:: PROVIDED DATA ::

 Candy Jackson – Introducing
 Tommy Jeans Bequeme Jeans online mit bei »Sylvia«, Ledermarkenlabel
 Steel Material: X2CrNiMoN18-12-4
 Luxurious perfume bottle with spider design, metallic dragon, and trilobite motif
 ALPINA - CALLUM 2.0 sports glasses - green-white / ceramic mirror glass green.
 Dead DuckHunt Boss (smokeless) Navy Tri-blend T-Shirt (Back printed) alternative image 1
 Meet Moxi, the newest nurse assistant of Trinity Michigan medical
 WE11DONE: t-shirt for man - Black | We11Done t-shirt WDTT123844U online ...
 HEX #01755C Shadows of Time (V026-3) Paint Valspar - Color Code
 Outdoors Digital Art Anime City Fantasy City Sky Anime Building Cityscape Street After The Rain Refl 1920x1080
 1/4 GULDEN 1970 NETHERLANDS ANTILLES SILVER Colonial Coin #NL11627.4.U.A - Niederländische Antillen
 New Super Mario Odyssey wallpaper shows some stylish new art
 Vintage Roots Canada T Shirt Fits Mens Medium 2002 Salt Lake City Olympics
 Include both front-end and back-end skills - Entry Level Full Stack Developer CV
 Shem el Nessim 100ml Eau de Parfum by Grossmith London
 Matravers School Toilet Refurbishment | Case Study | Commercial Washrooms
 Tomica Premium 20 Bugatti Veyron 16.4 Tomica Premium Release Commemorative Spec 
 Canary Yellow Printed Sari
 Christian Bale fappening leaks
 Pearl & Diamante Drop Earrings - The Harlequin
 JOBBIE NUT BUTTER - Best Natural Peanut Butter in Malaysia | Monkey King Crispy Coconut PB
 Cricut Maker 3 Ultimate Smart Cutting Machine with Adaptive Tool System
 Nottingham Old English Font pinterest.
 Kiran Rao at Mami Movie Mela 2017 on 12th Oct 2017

:::

YOUR OBJECTIVE: Reproduce the records above exactly, from the first line through the line containing "Tomica Premium 20", and output nothing else.

OUTPUT:
 Candy Jackson – Introducing
 Tommy Jeans Bequeme Jeans online mit bei »Sylvia«, Ledermarkenlabel
 Steel Material: X2CrNiMoN18-12-4
 Luxurious perfume bottle with spider design, metallic dragon, and trilobite motif
 ALPINA - CALLUM 2.0 sports glasses - green-white / ceramic mirror glass green.
 Dead DuckHunt Boss (smokeless) Navy Tri-blend T-Shirt (Back printed) alternative image 1
 Meet Moxi, the newest nurse assistant of Trinity Michigan medical
 WE11DONE: t-shirt for man - Black | We11Done t-shirt WDTT123844U online ...
 HEX #01755C Shadows of Time (V026-3) Paint Valspar - Color Code
 Outdoors Digital Art Anime City Fantasy City Sky Anime Building Cityscape Street After The Rain Refl 1920x1080
 1/4 GULDEN 1970 NETHERLANDS ANTILLES SILVER Colonial Coin #NL11627.4.U.A - Niederländische Antillen
 New Super Mario Odyssey wallpaper shows some stylish new art
 Vintage Roots Canada T Shirt Fits Mens Medium 2002 Salt Lake City Olympics
 Include both front-end and back-end skills - Entry Level Full Stack Developer CV
 Shem el Nessim 100ml Eau de Parfum by Grossmith London
 Matravers School Toilet Refurbishment | Case Study | Commercial Washrooms
 Tomica Premium 20 Bugatti Veyron 16.4 Tomica Premium Release Commemorative Spec 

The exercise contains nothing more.